When I first got my boys I tied a small wicker basket to the top of the cage. They lined it with tissues and paper towels.  Plus it also made a good chew toy. Unfortunately it got gross after a while so I had to toss it, but for the few months I had it, they boys LOVED it.






I've also heard that rats like this fisher price cube. I'm gonna see if I can get my hands on one to give to my boys.


----------



## shawnalaufer (Aug 21, 2011)

I made tube hammocks using a old formula can (but an oatmeal can would work too) and covering it in a fun fleece or material then attach it to the cage with colorful pipecleaners. You can see it in the pic below, behind the hammock- its that blue tube thing. 







A bandana tied to the top cage bars (each corner) and filled with shredded gift wrapping tissue paper makes a fun and crinkly place to dig for goodies (toss some treats in there). In the pic below instead of a bandana I just used a cool printed scrap of fabric.







Baby toys make good toys too. In this pic you can see a pink rattle that they can push around, a dangling cupcake baby toy that also rattles, a snuggle sack made out of a soft baby toys bucket.


----------



## shawnalaufer (Aug 21, 2011)

Buddy said:


> When I first got my boys I tied a small wicker basket to the top of the cage. They lined it with tissues and paper towels.  Plus it also made a good chew toy. Unfortunately it got gross after a while so I had to toss it, but for the few months I had it, they boys LOVED it.
> View attachment 4106
> I've also heard that rats like this fisher price cube. I'm gonna see if I can get my hands on one to give to my boys.

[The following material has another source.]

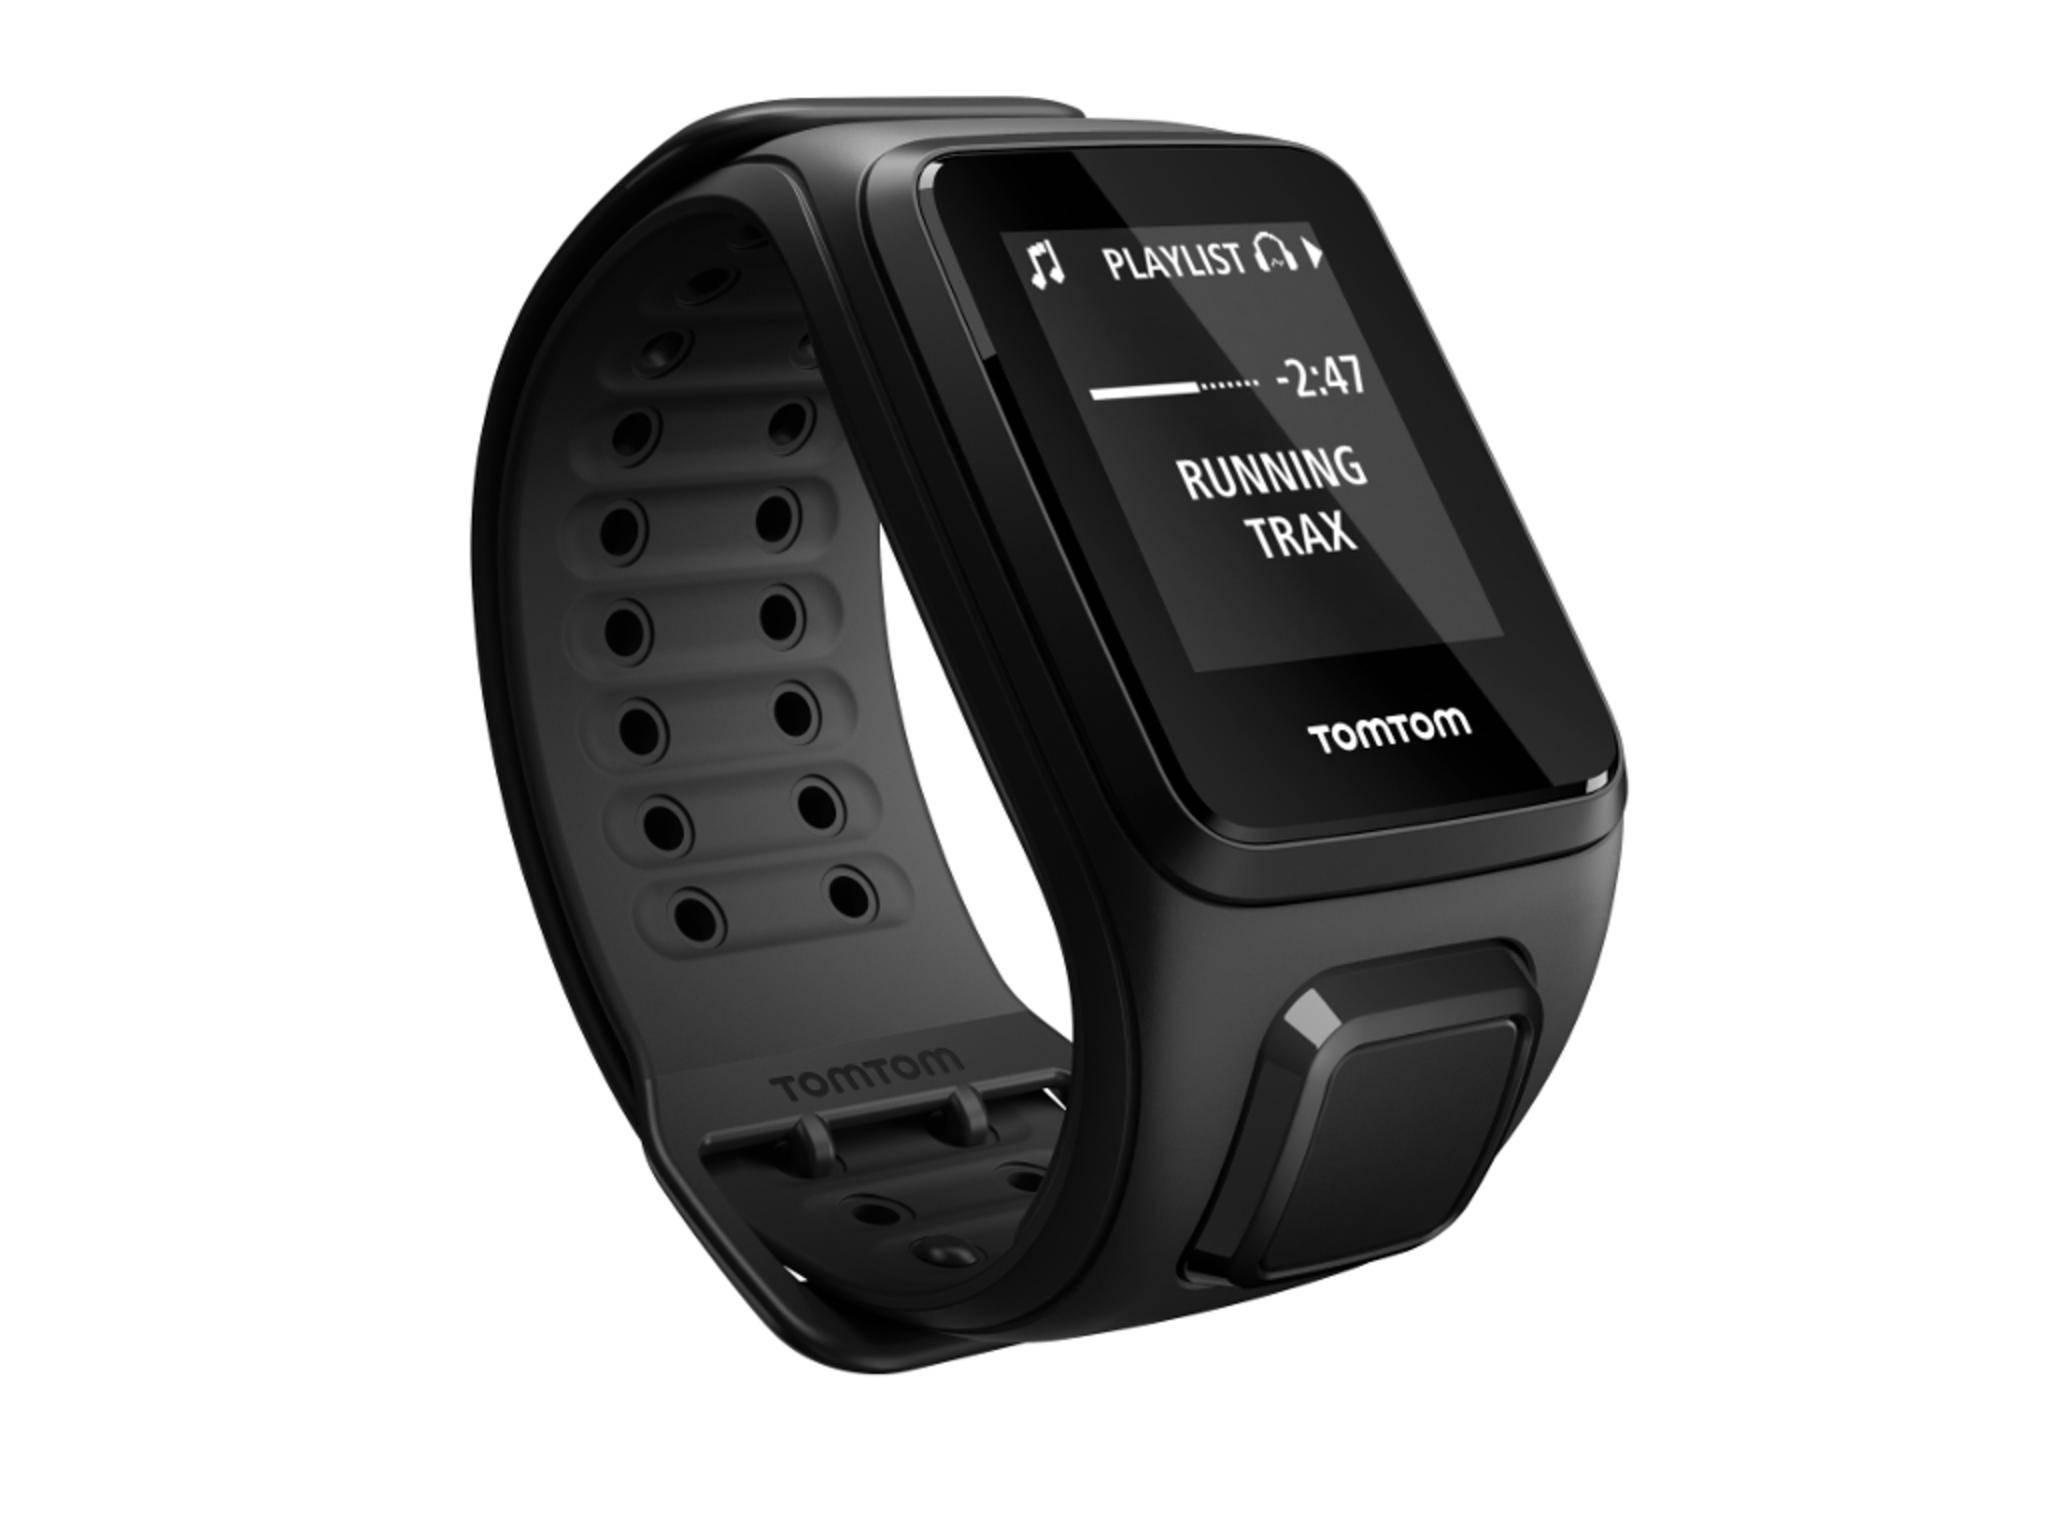 Die TomTom Spark kombiniert GPS-Sportuhr und MP3-Player,

OMG I see those Fisher Price cubes in the baby consignement stores ALL THE TIME! I kept thinking I would get one for my 1 yr old daughter....maybe I will have to get 3- one of my daughter and two for my ratties!


----------



## Heathcliffe&Darcy (Feb 2, 2012)

My boys *love *tubes. I originally bought them a cardboard one, and when I saw they were sleeping in it instead of their igloo (which they only use for hiding food and playing in), I bought a plastic tube thing from Petsmart that resembles a bendy straw (it can be manipulated into different shapes), and they love it. I made them a hammock, but they hated it, so I bought a hanging tube-like ferret hammock, which they love (but not as much as their plastic tube). I have the Petco Rat Manor (which I love), and took out the third half shelf so they would have room for hanging items. I stuck a chewable bird perch in their cage, but they haven't touched it. LOL. Heathcliffe chewed on it when I put it in his face, but they ignore it besides. It was worth a try. 

I plan on buying a bird 'playground' for them to play and climb on when they're out of their cage. 

We had fleece laying around when I bought the boys, so they have that for bedding. It's eco-friendly, cheap in the long run, and it looks great. They HAD a litter box, but they never went in it, instead, they slept in it. I suppose it smelled like home to them. They never go on the top floors, only the bottom, so I removed the litter box to save room (they weren't using it anyway). So far, so good.


----------



## gossipgirl1031 (Feb 12, 2012)

I LOVE the links & baby toys idea! I just adopted 2 females from Petco & have been looking for some fun toys to put in their temporary home. I'm going out tomorrow to see about a getting a bigger one. The one that came with them is just too small for 1 large & 1 medium rats. My first post on this site-exciting!



shawnalaufer said:


> I made tube hammocks using a old formula can (but an oatmeal can would work too) and covering it in a fun fleece or material then attach it to the cage with colorful pipecleaners. You can see it in the pic below, behind the hammock- its that blue tube thing.
> View attachment 4241
> 
> A bandana tied to the top cage bars (each corner) and filled with shredded gift wrapping tissue paper makes a fun and crinkly place to dig for goodies (toss some treats in there). In the pic below instead of a bandana I just used a cool printed scrap of fabric.
> ...


----------